Before MLB legend Mike Piazza made millions, he earned $850 a month and got by on $6.99 all-you-can-eat spaghetti

Mike Piazza in 1995
Owen C. Shaw | Getty Images Sport | Getty Images

In 1998, Mike Piazza signed a seven-year, $91-million contract with the New York Mets. It was the largest deal in baseball history at the time.

Before the Hall of Fame catcher made a name for himself — and a multimillion dollar salary — he got by on much less: "My first contract was $850 a month," Piazza tells online investing platform Wealthsimple. That was in 1989, when he was playing with the Salem Dodgers in the minor leagues.

"I lived with four other guys in Salem, and we all pooled our money together and kind of lived like a family," he adds.

When they traveled for games, Piazza and his teammates got $8 to $10 a day for meals. "We stretched our dollars," he says. "Obviously your Sizzler Steak would have the salad bar. The Olive Garden with the unlimited breadsticks. We always knew where to go. … There was this place — I forget where it was — where they had all-you-can-eat spaghetti and Bolognese for like $6.99, and we'd all go there and just crush all this spaghetti and Bolognese."

In his second year, he got a raise to $1,000 a month. The next year, he made $1,100 a month. After grinding for three seasons in the minor leagues, he was called up to the majors in 1992. He signed his first major league contract with the Dodgers in 1993: "It was $15,000 for the year, non-negotiable. It wasn't a ton of money, but at the time it seemed like a lot to me."

His first big league check went straight to savings, he tells Wealthsimple: "When I got my first one I just remember going wow, and then going to the bank and depositing it with the teller."

Piazza says he's always had a savings-first mindset. "We grew up very conservative with money," he says. "Very middle class."

When he was living off $1,000 a month in the minor leagues, he remembers traveling with his team for games in Reno, Nevada, where there's an abundance of casinos. "I would see a bunch of guys just burn their checks at the tables," says Piazza. "And I'm going, 'Dude, I'm sorry, but I work too hard for this money.' I mean, I would take a hundred bucks and play slots. But I never wanted to chase my money."

Even after Piazza started making big money — he was making $6 million by 1999 and earned $15 million in 2004 and 2005 — he maintained a conservative money mindset: "Today, if I go to Vegas, which is very rare, I'll take out $500, maybe play some blackjack, maybe a little poker. But that's it."

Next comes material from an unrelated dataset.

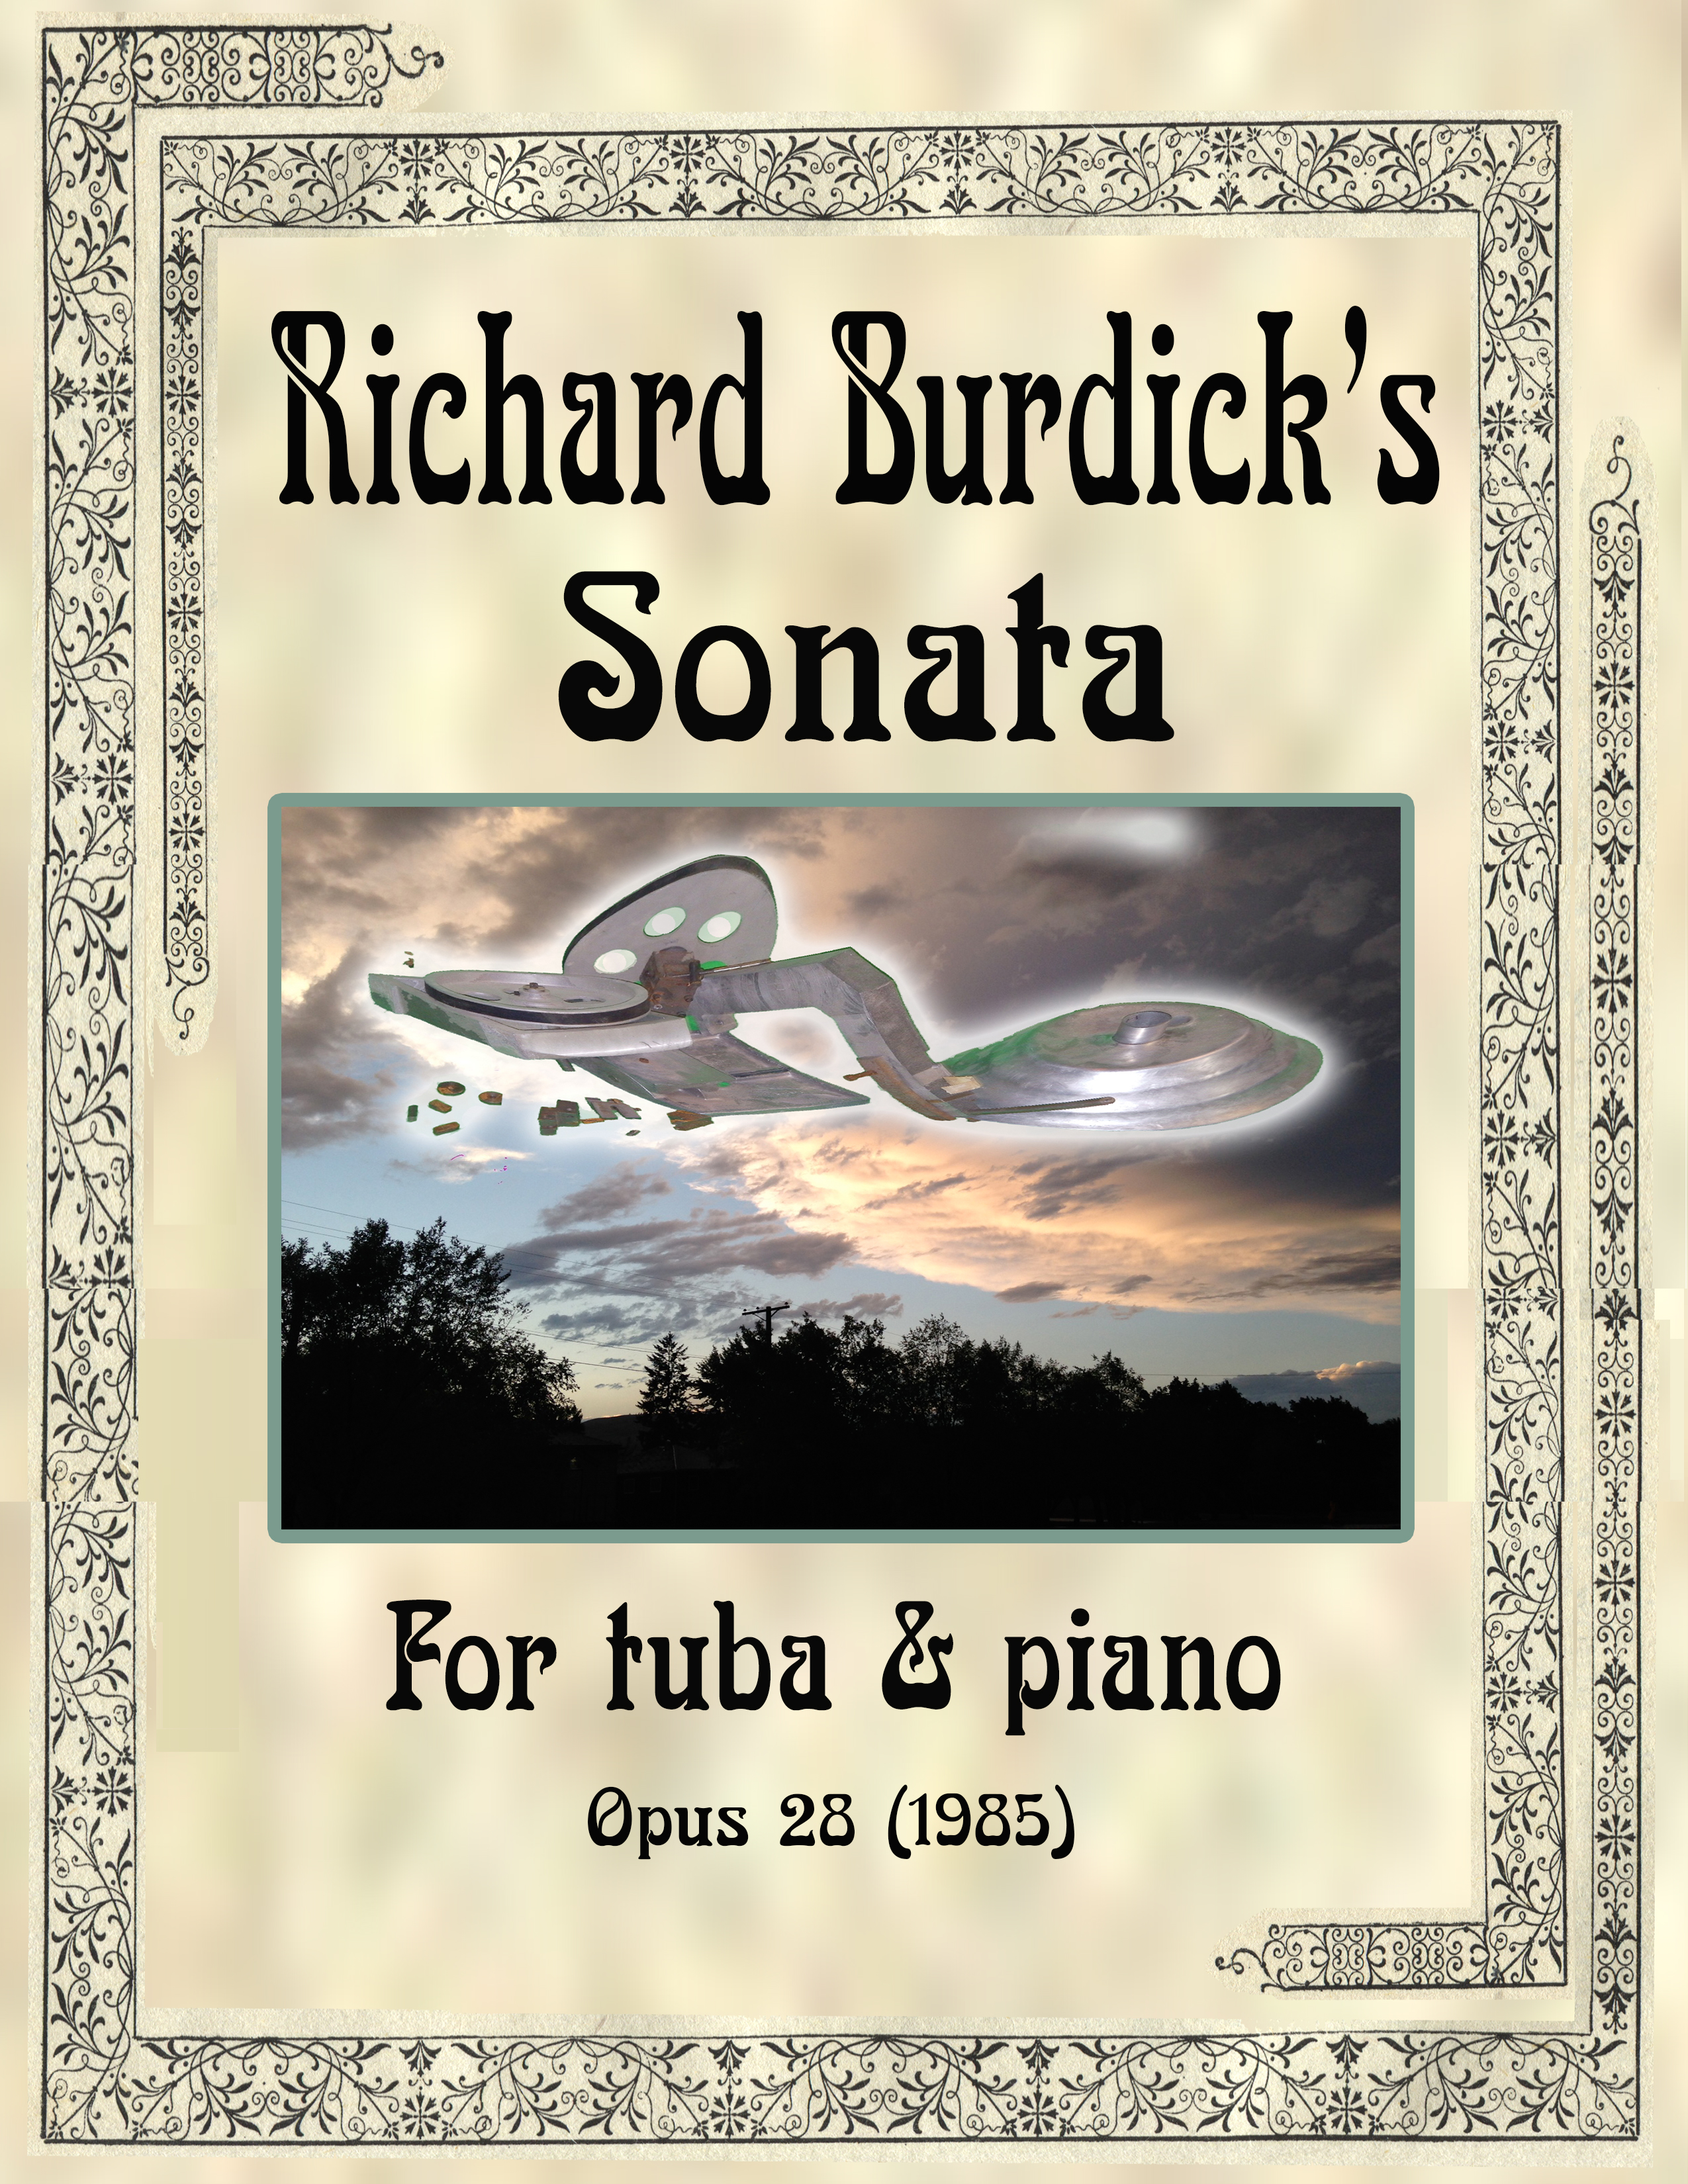 Burdick: Tuba Sonata sheet music cover

Piazza, now married and living in Italy with his wife and three kids, still finds pleasure in saving money. Life in Italy, versus Miami, where his family used to live, is "a lot cheaper," he says. "I take my kids to church on Sunday and then afterward we go out for lunch and of course we get pizza, pasta, wine, four appetizers, seafood, whatever, and it's like a hundred bucks, tops. In South Beach, it would be like three times as much."